As EverWalk co-founder Diana Nyad writes, “ There are stories throughout history of artists and writers and thinkers who walked daily, who walked long distances, not really for health or for athletic purposes, but to let their creative minds brew and bubble. Virginia Woolf would take to the streets of London all day long, stopping for a visit with her sister, her pen and notebook in hand, rather than sit still at home, hoping for a muse to spark ideas.

“When I’m writing or working on a long-term project, I walk to get my head organized. I find myself occasionally almost running to the computer when I arrive home. The chapter that was stumping me has become clear during my long walk.”

Indeed, throughout history, walks have prompted ideas, inventions, revelations that have changed our world. Why? Because walking has a specific effect on the human brain — a chemical combo is unleashed that allows us to think more deeply and creatively: a protein called BDNF that nourishes and energizes our neurons, and hormones known as endorphins that produce a sense of calm and well-being.

In fact, a 2014 Stanford study found that walking increased a person’s “creative output” by an average of 60 percent.

Certainly Steve Jobs felt this way — holding many of his meetings while walking. More and more company leaders are taking this approach — having walk and talks instead of sitting around a conference table.

Sound crazy? Well, perhaps this list of people who changed the world with their ideas — which surfaced while walking — will convince you of the connection between walking and ideation.

  • Nikola Tesla’s ideas about electricity came to him during a walk in a Budapest park in 1882.
  • James Watt conjured up the steam engine that brought us the Industrial Revolution while going “for a walk on a fine Sabbath afternoon. I was thinking upon the engine at the time and had gone as far as the Herd’s house when the idea came into my mind.”
  • Ludwig van Beethoven never missed his afternoon walk, during which he always carried pen and paper to record the music that came to his mind.
  • Charles Dickens’ lifelong insomnia sent him out into the streets of London where real life brought Great Expectations, A Christmas Carol, David Copperfield, and more to the page.
  • Philosophers Friedrich Nietzsche (who said “All truly great thoughts are conceived while walking,”), Wolfgang von Goethe, and Soren Kierkegaard all believed walking essential to the life of the body and the mind.
  • Werner Heisenberg discovered the foundations of quantum physics after traveling alone to a remote archipelago on the North Sea and doing nothing but taking daily walks and going for long swims.
  • Scientists Albert Einstein and Charles Darwin both untangled their game-changing theories while taking daily walks.

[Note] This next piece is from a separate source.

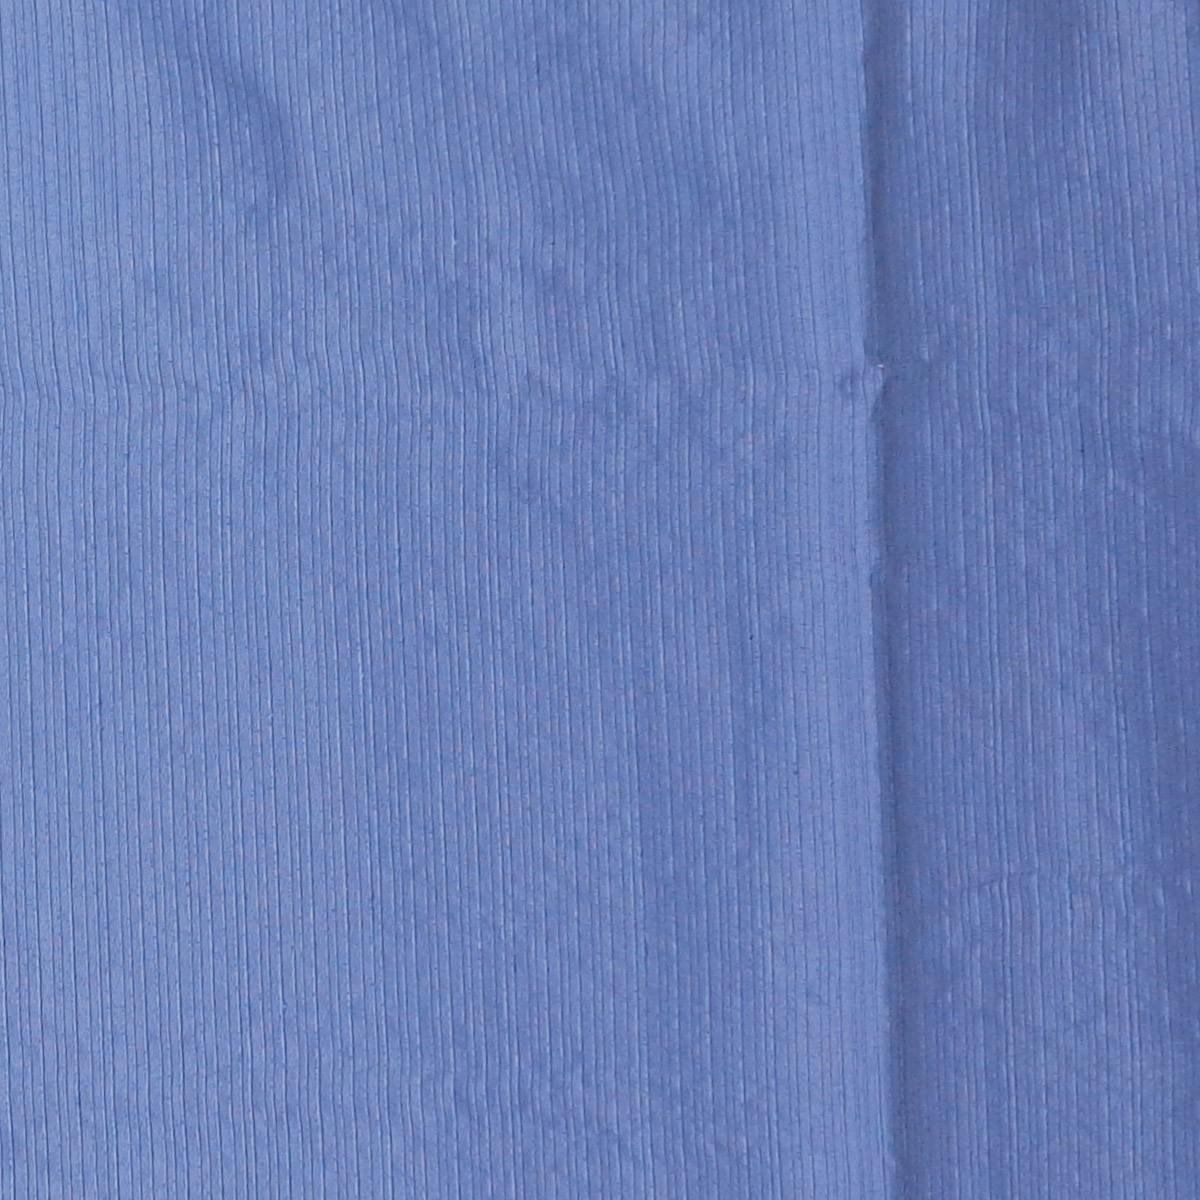 Cortina Para Sala Rústica Pantex Azul 2,60 x 2,30 Bella Janela

Military strategist Carl von Clausewitz declared: “What matters most is not what we have thought, but how we have thought it. I have found on my walks that most of my insights were acts of synthesis rather than analysis—perceiving patterns and finding meaning in the relationship between things.”

In addition to discoveries made inside people’s minds while walking, walking itself has led to a variety of inventions and discoveries such as quinine, found in the bark of the cinchona tree. This anti-malarial compound was first used by native Andean peoples who shared their knowledge with Jesuit missionaries in South America around 1600 to treat malaria. It was discovered by a feverish Andean man, lost in the jungle. Suffering from malaria, he drank from a pool of water at the base of a cinchona tree. Although bitter to the taste, his fever lifted and he survived to pass on what he had learned. 

More recently, in the 1940s a Swiss engineer named George de Mestral made an interesting discovery while walking his dog. When they returned home he decided to examine the burdock seeds that had stuck to his clothes. He noticed they had lots of tiny hooks that easily attached and stuck firmly to fabric and fur. de Mestral realized he could create a new fastening system using the concept, and “Velcro” was brought into existence. 

There are countless more examples of the ideation and creativity that walking brings. The world could use our help in addressing so many global issues! So get out there and walk EverWalk Nation — and see what ideas you can bring to heal our planet!!